Seven weeks from today, voters in Iowa will caucus and deliver the first verdict on the Republican field for President, and at this point, former U.S. House Speaker Newt Gingrich seems to have the momentum in the polls.
The idea of Gingrich being the Republican nominee has mainly generated chuckles and giggles in the halls of the Congress, where the new wave of GOP lawmaker looks at him as an old member of the Old Guard, not the future.
But Gingrich, who has always been told he can’t succeed in American politics, has suddenly become the hot item.
“Newt Gingrich has been rising steadily over the last 2 months,” said Dean Debnam, President of Public Policy Polling, which had a poll showing Newt in the lead.
“The top has proven to be a dangerous place in this GOP race though and we’ll see if he can sustain it for very long,” Debnam added.
How true that is.
Back in June, Michele Bachmann jumped up on the GOP stage, declared her candidacy at a debate in New Hampshire and zoomed up in the polls.
But when she won the Ames Straw Poll in Iowa, her success was overshadowed by the entrance of Texas Gov.
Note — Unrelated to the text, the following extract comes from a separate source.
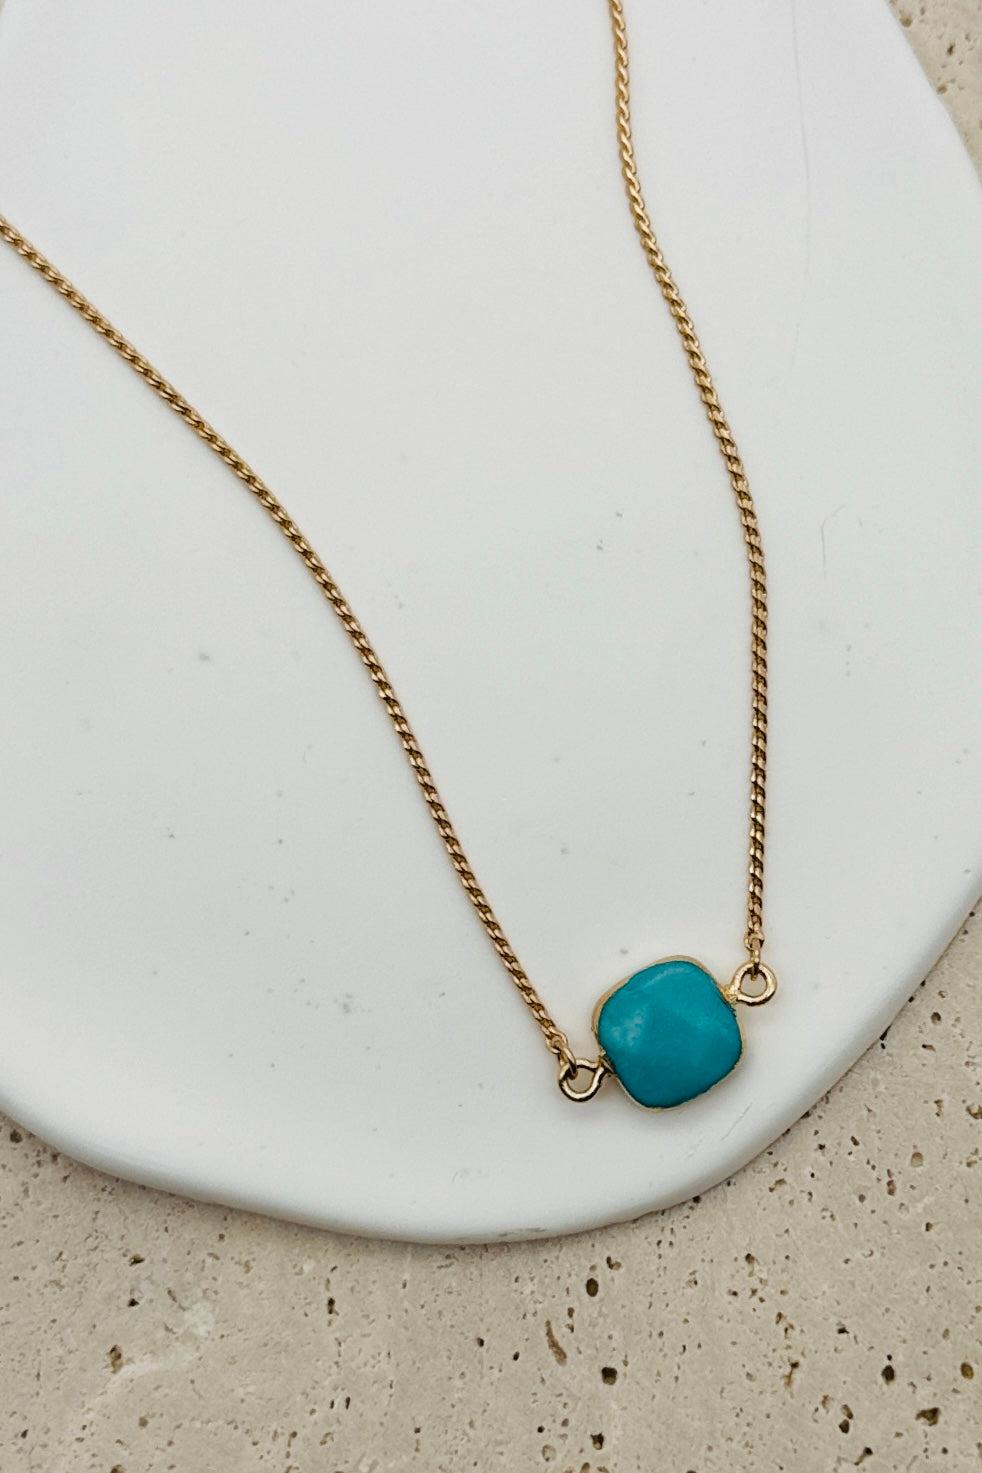 Square Stone Charm Necklace

Rick Perry, who quickly zoomed into the lead, while Bachmann sank.
Perry went into the lead and then began a Bachmann-like slide; moving into the vacuum was Herman Cain, who used a good debate performance in Orlando and then a straw poll victory among Florida Republicans to catapult into the GOP lead.
Now, recent polls show Cain sliding. A new CNN poll out on Monday had him down 11 points from a month earlier – and maybe most concerning for Cain, that poll showed high negatives most likely stemming from allegations of sexual misconduct made against him.
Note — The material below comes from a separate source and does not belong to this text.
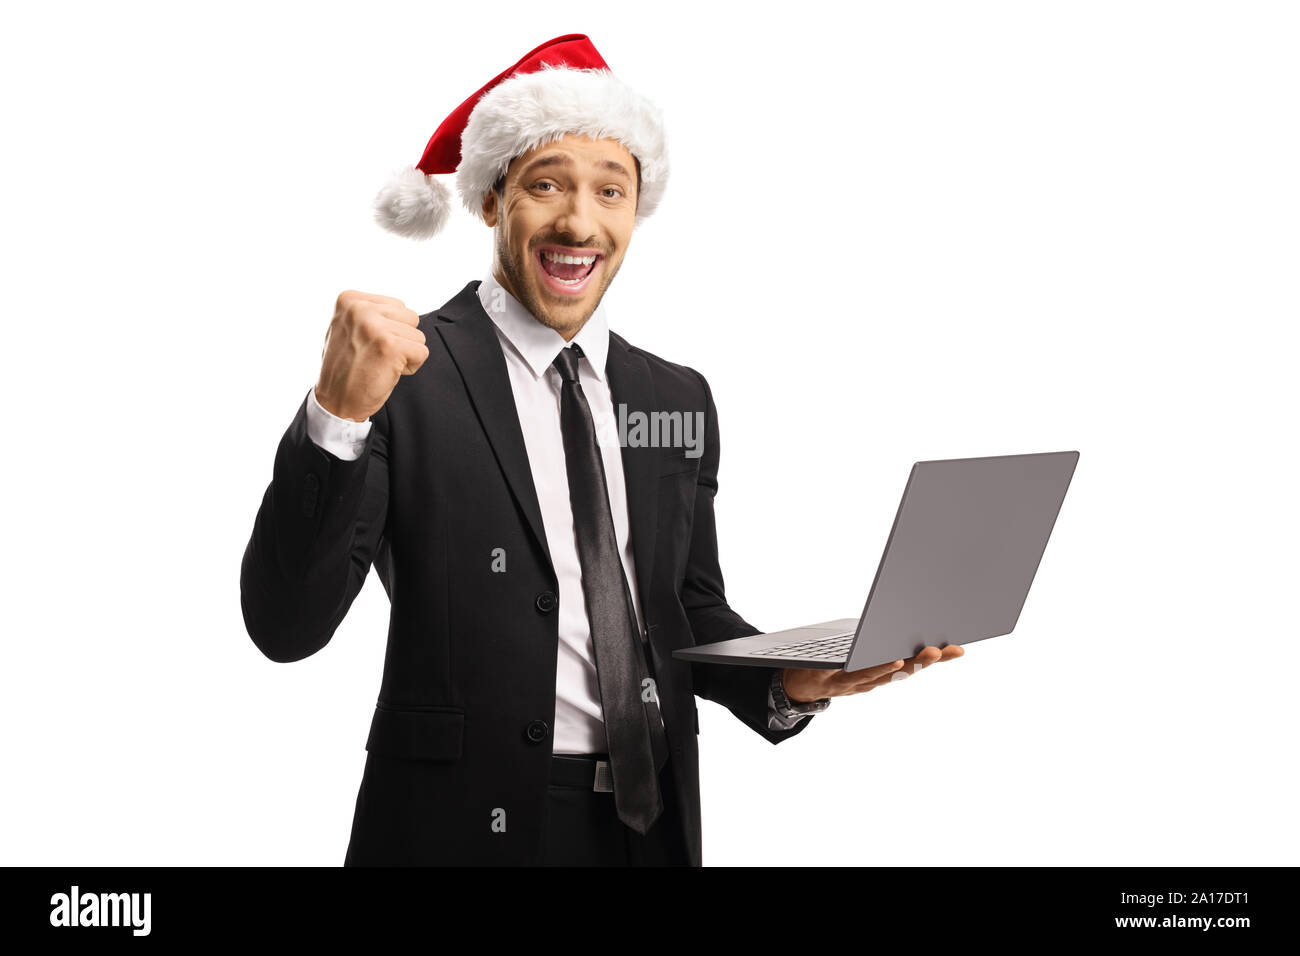 Young professional man in a suit with a Santa Claus hat gesturing happiness and holding a laptop computer isolated on white background Stock Photo

Bachmann goes up, Bachmann down.
Perry goes up, Perry down.
Cain goes up, Cain now going down.
Will this polling trend continue? And will Gingrich be the next one to go up – and maybe down?
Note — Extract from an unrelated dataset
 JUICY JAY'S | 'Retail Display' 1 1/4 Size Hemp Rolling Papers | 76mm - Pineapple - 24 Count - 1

Four years ago at this time, Rudy Giuliani was the clear leader on the GOP side. Most people “in the know” would have laughed at the idea of Mike Huckabee winning in Iowa or John McCain winning the Republican nomination.
Just looking at the schedule today for the Republican hopefuls, you can tell the pace is quickening.
Cain, Gingrich and Perry are all in Iowa. Romney is in South Carolina, which is the third state in January.
49 days to go in Iowa. Every hour you waste now is an hour you will never get back in Election 2012.